Dataset records
● ● ● ● ● ● ●

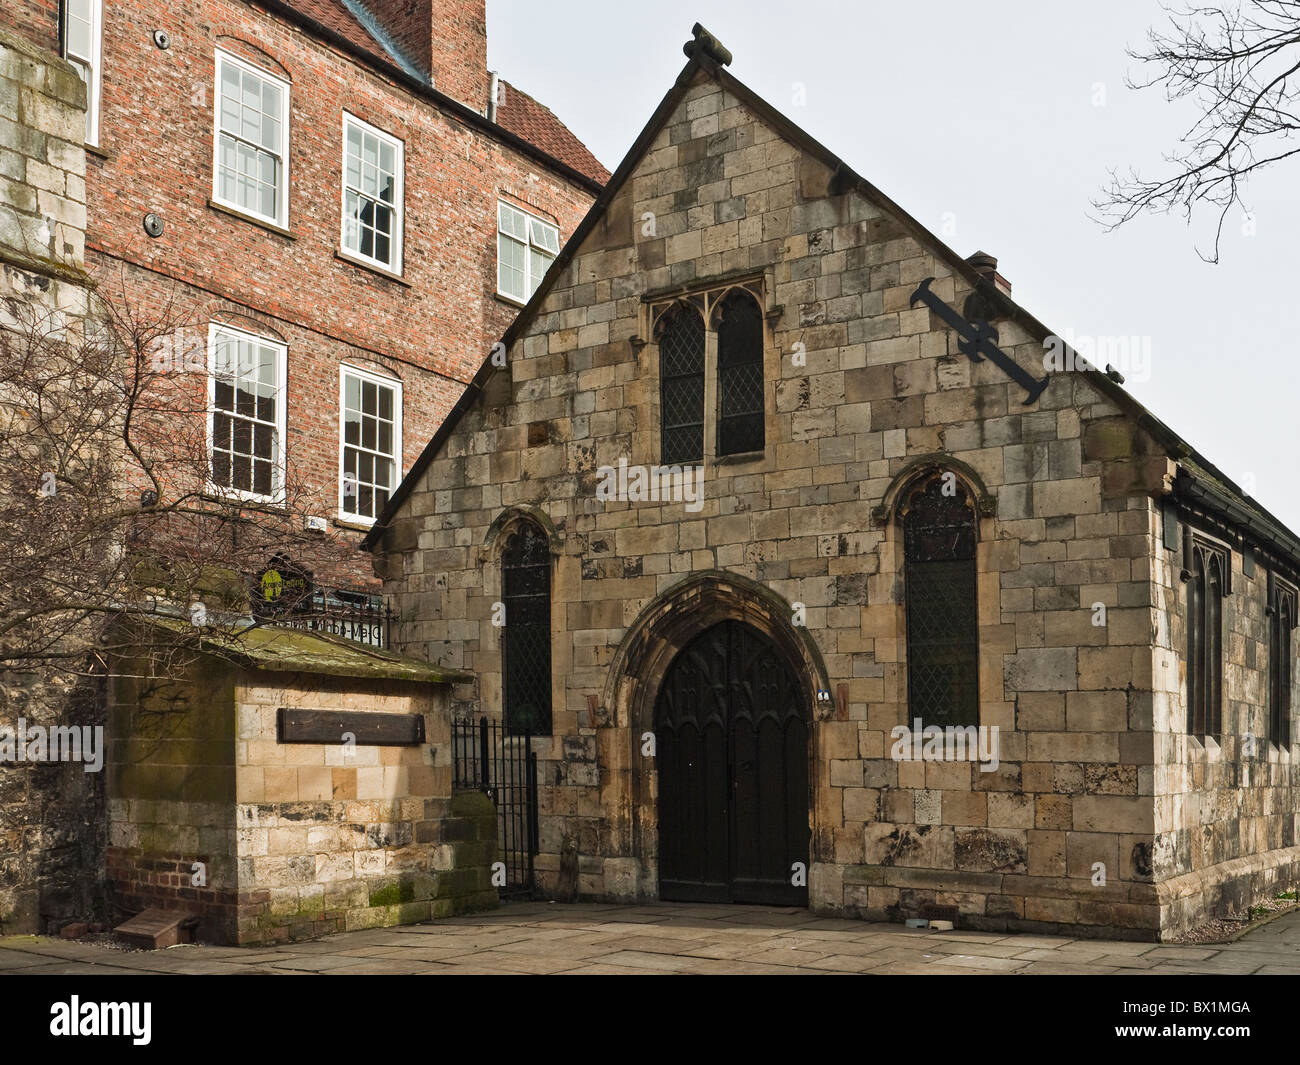 St Crux Parish Hall, Pavement, City of York, Yorkshire, UK Stock Photo
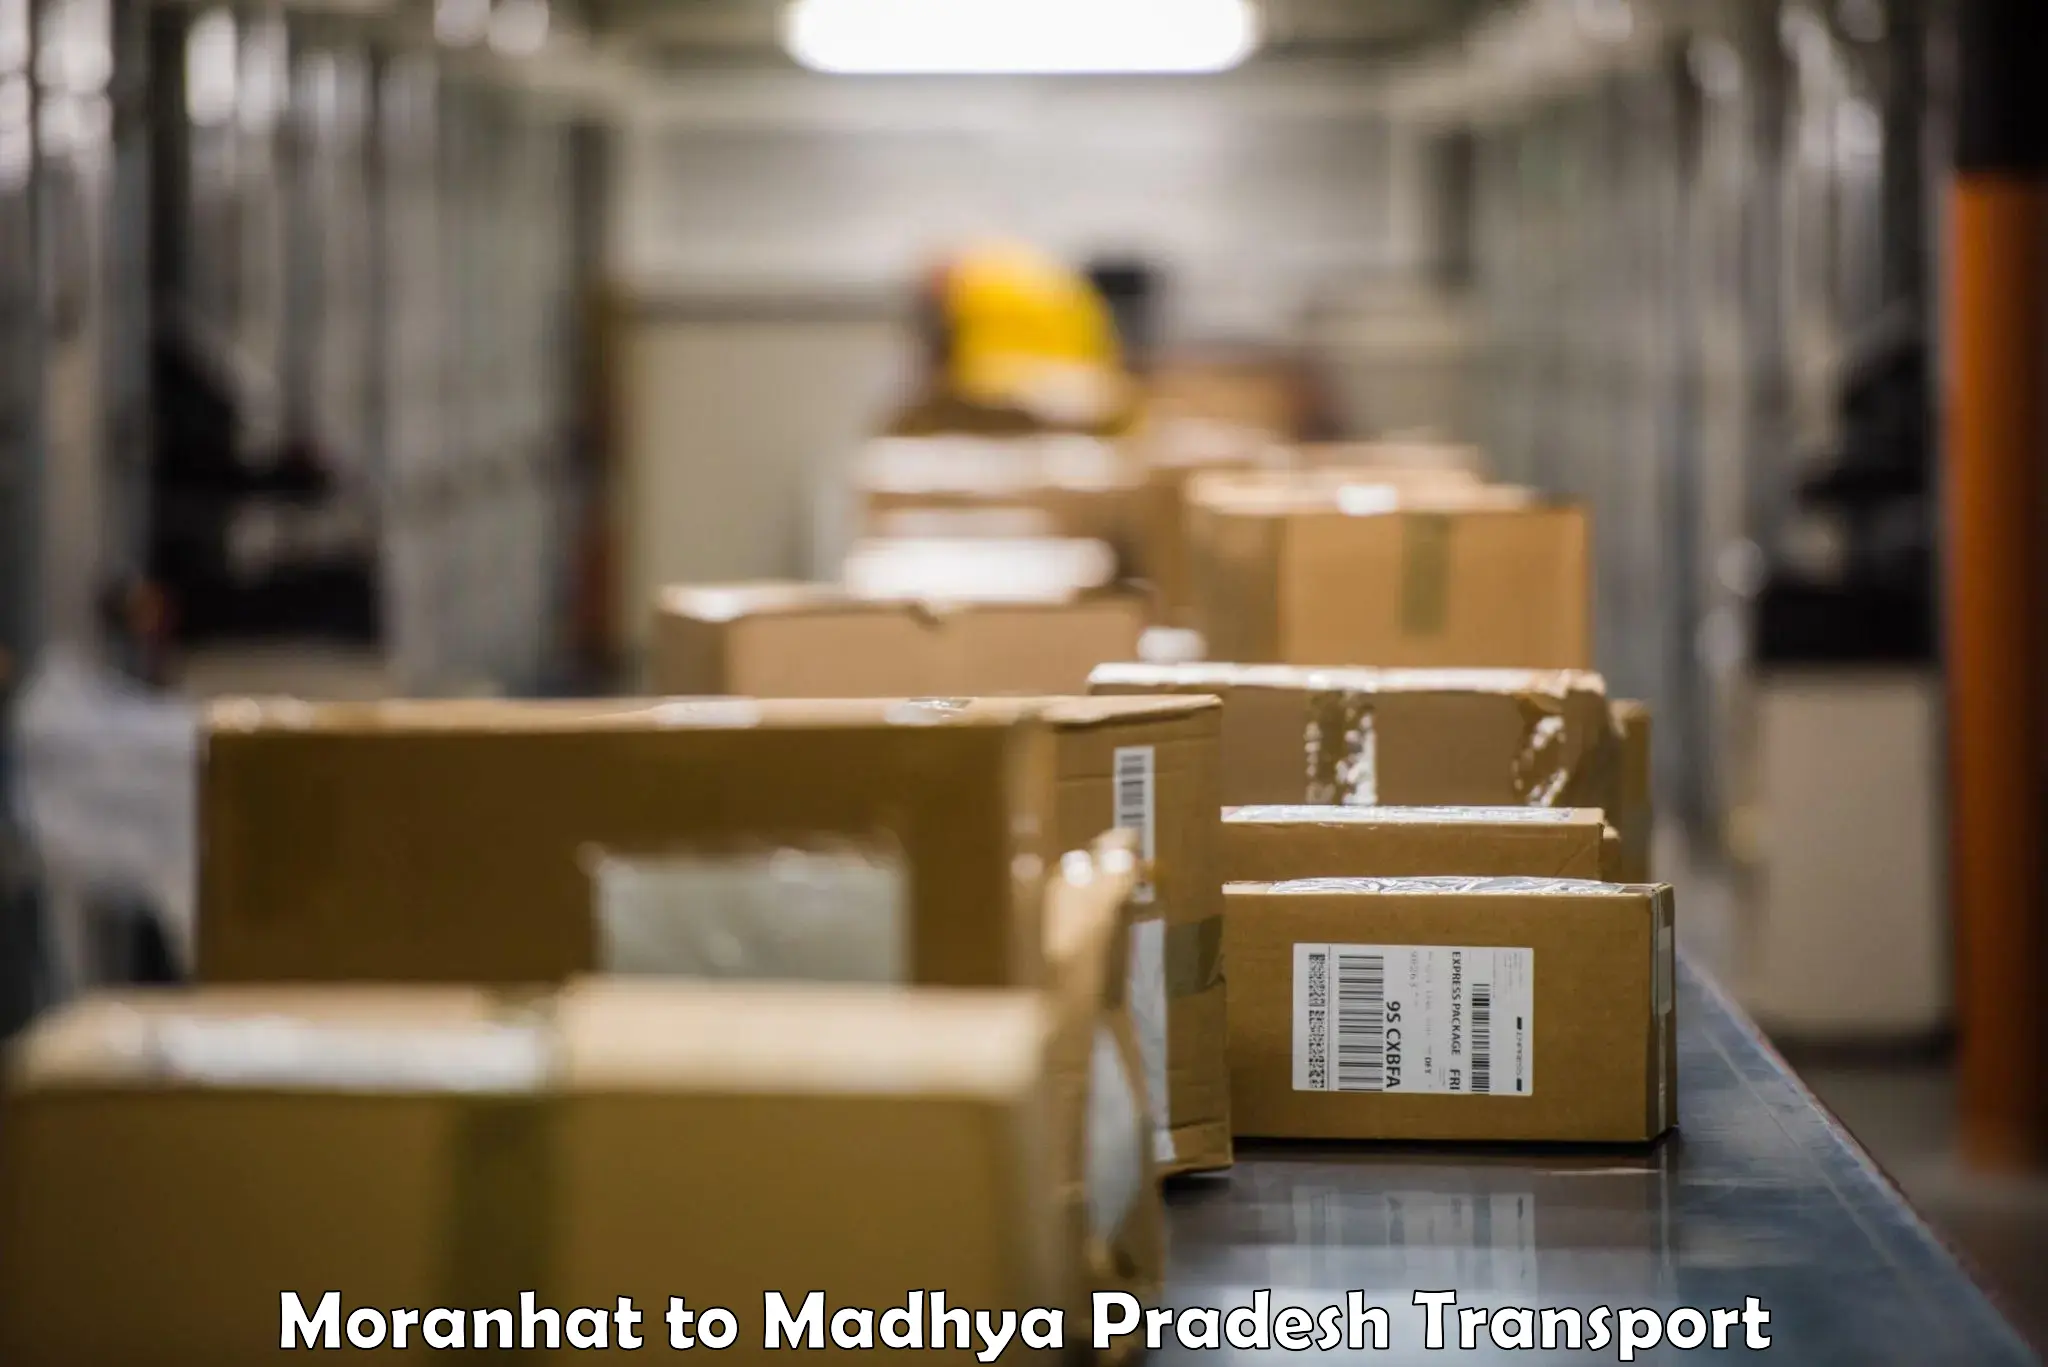 Container transport service Moranhat to Garoth
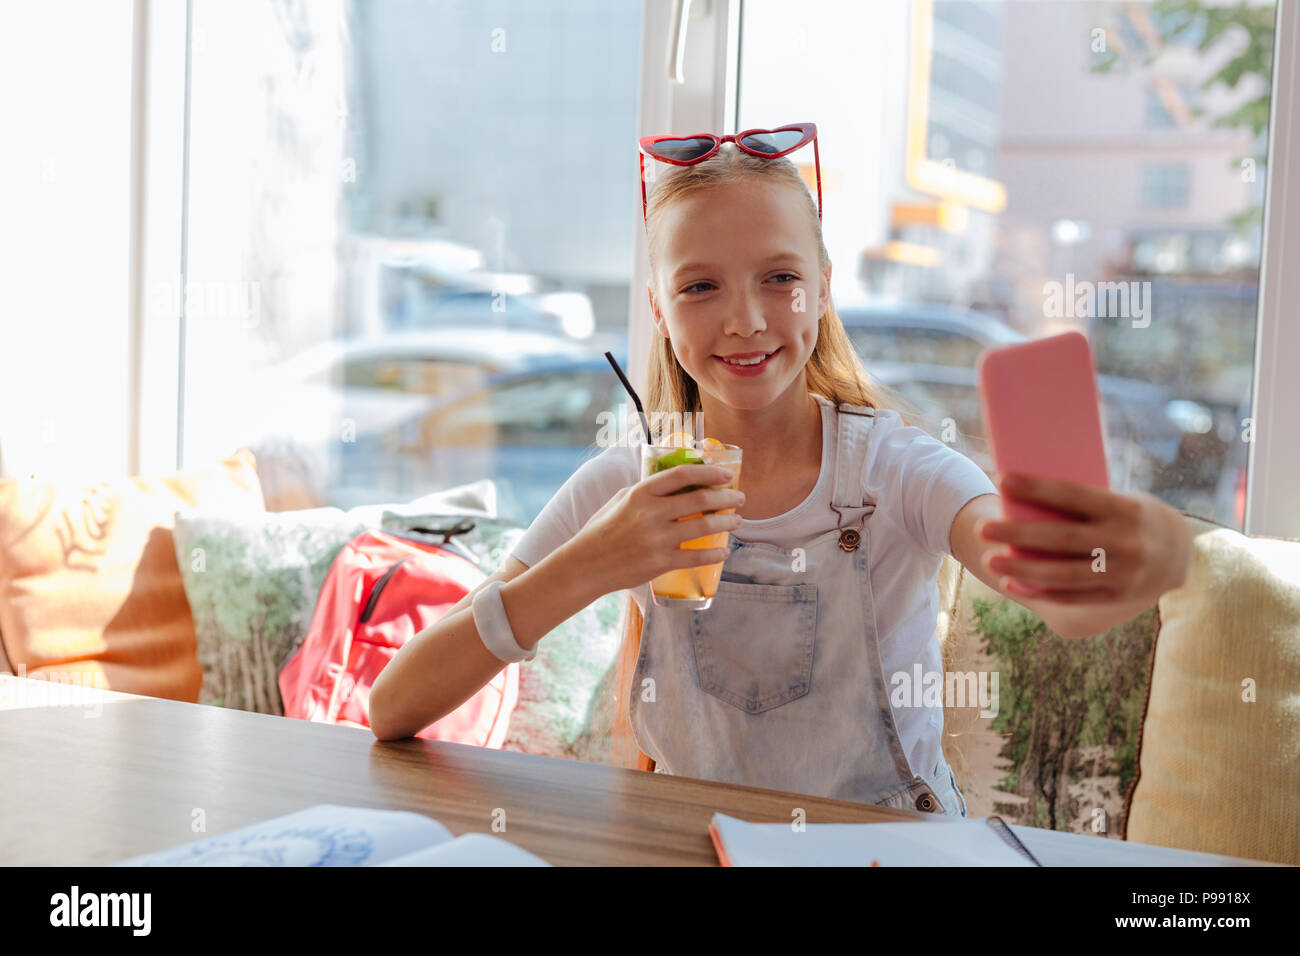 Modern teenager smiling while making selfie Stock Photo
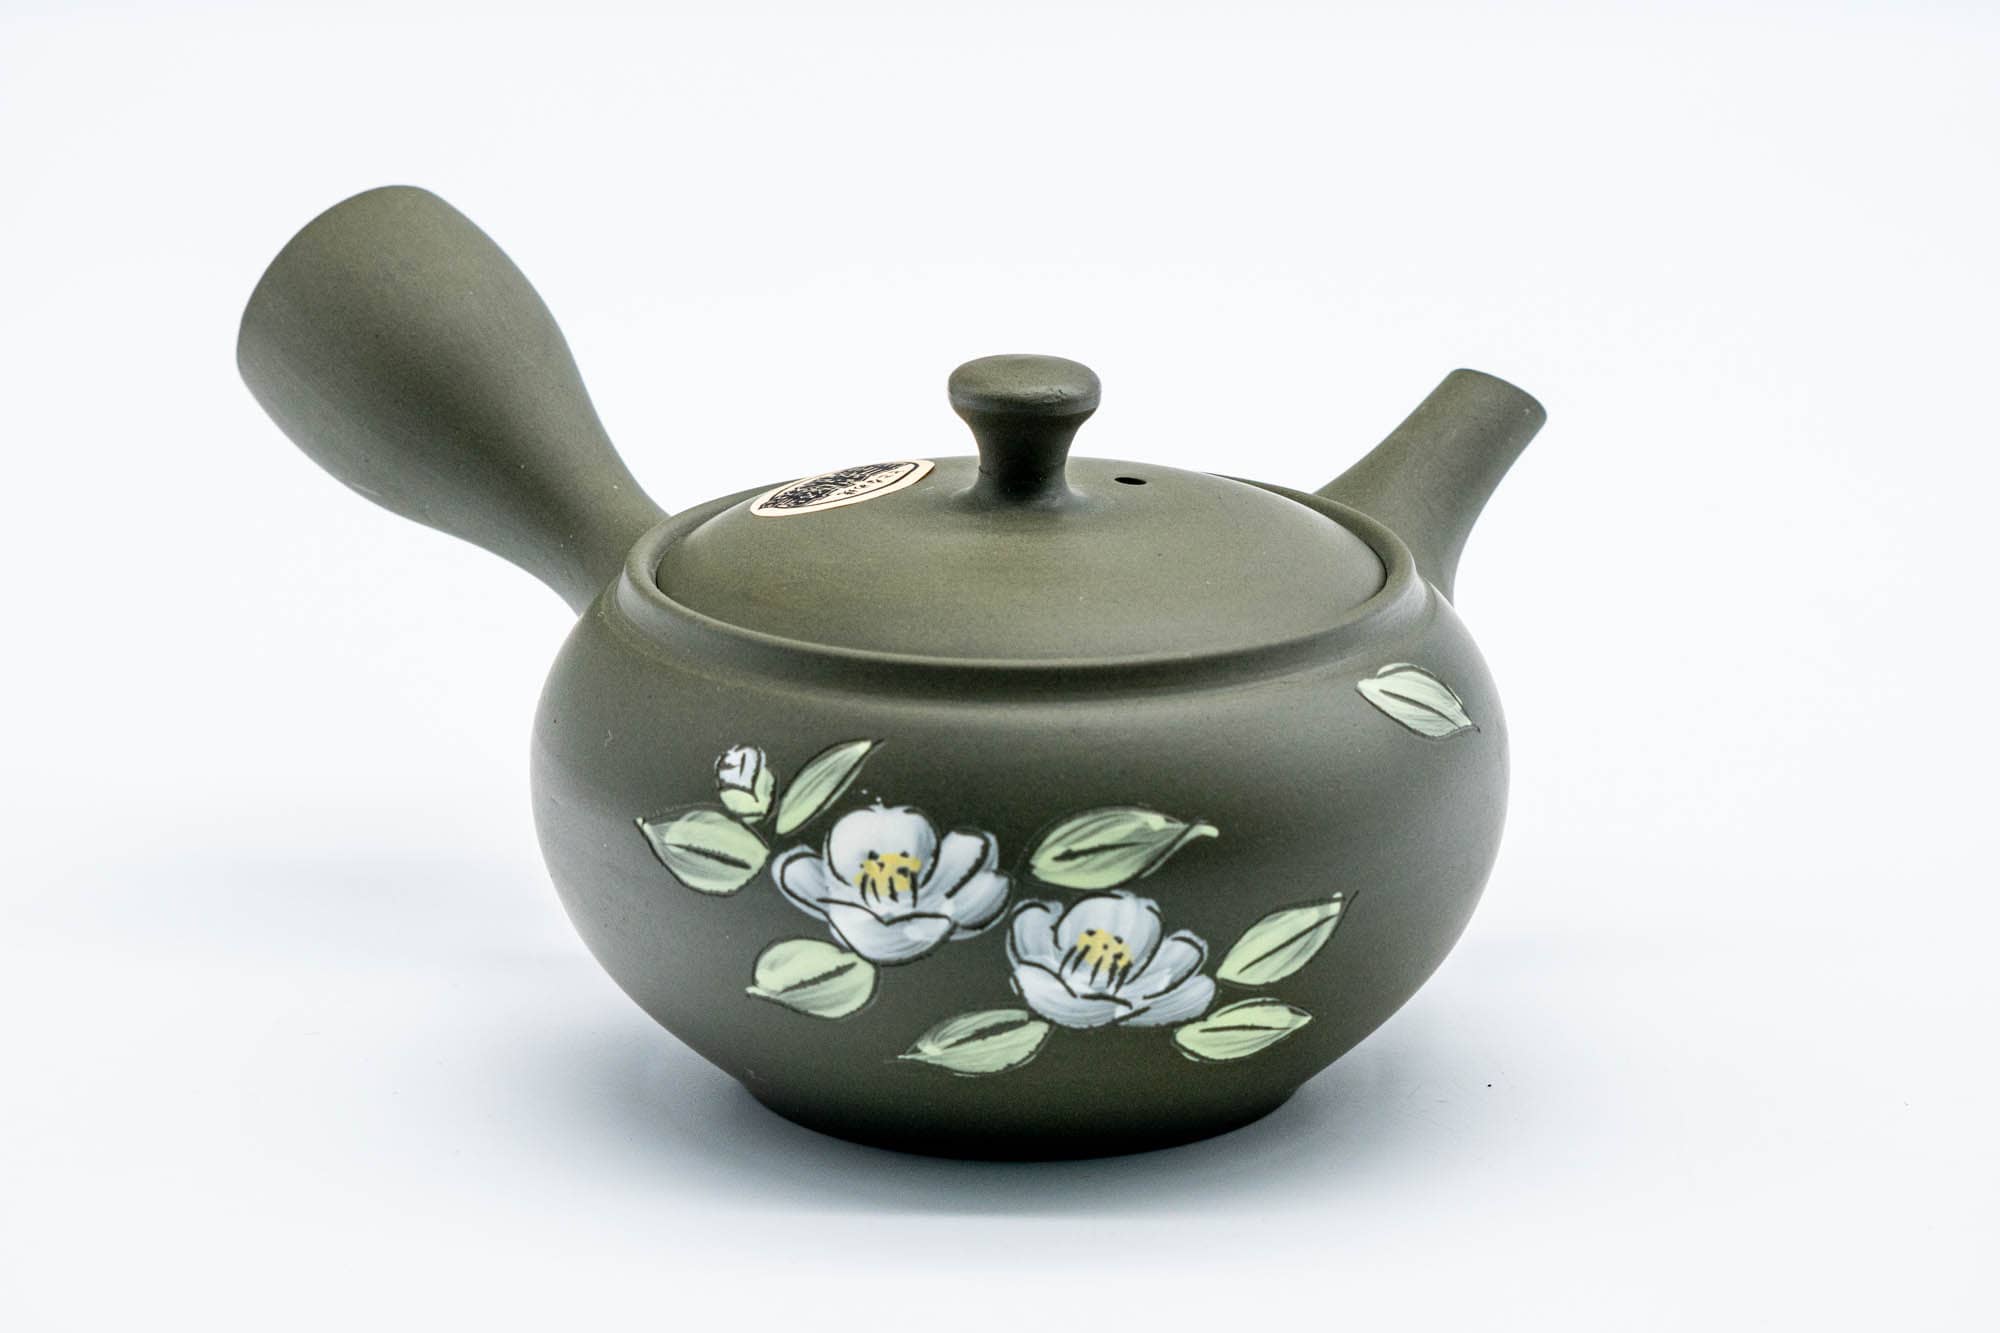 Japanese Kyusu - 春秋窯 Shunju Kiln - Camellia Ryokudei Tokoname-yaki Ceramic Teapot - 220ml
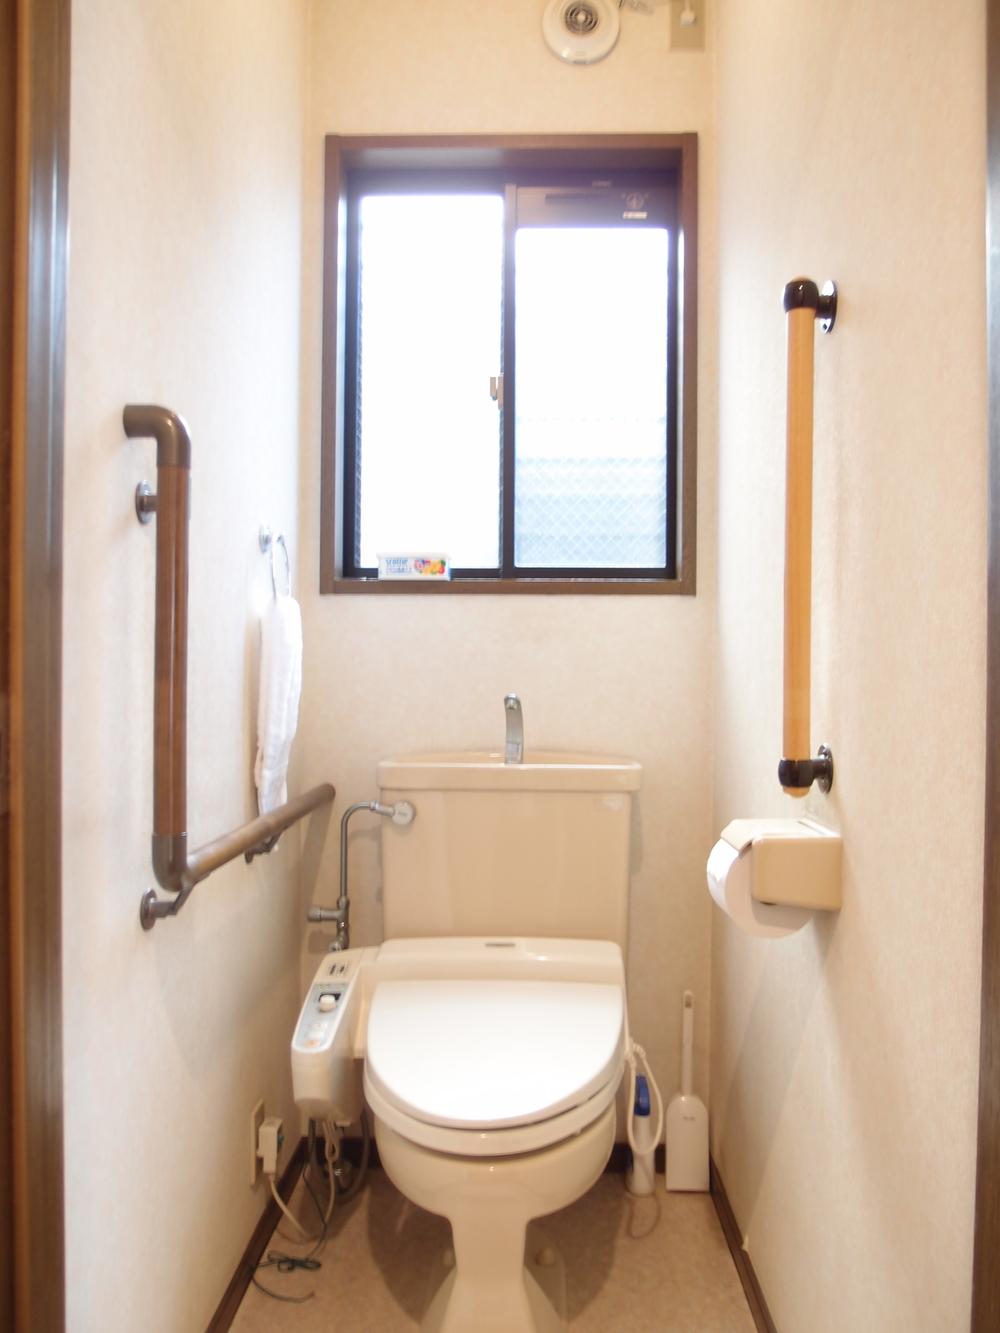 Toilet. First floor room (12 May 2013) Shooting

● ● ● ● ● ● ●

Assignment
Repeat exactly the lines from the one containing "Container transport service" through the last line of the records above, both included, and leave out the pictures.

Solution for this task
 Container transport service Moranhat to Garoth
 Modern teenager smiling while making selfie Stock Photo
 Japanese Kyusu - 春秋窯 Shunju Kiln - Camellia Ryokudei Tokoname-yaki Ceramic Teapot - 220ml
 Toilet. First floor room (12 May 2013) Shooting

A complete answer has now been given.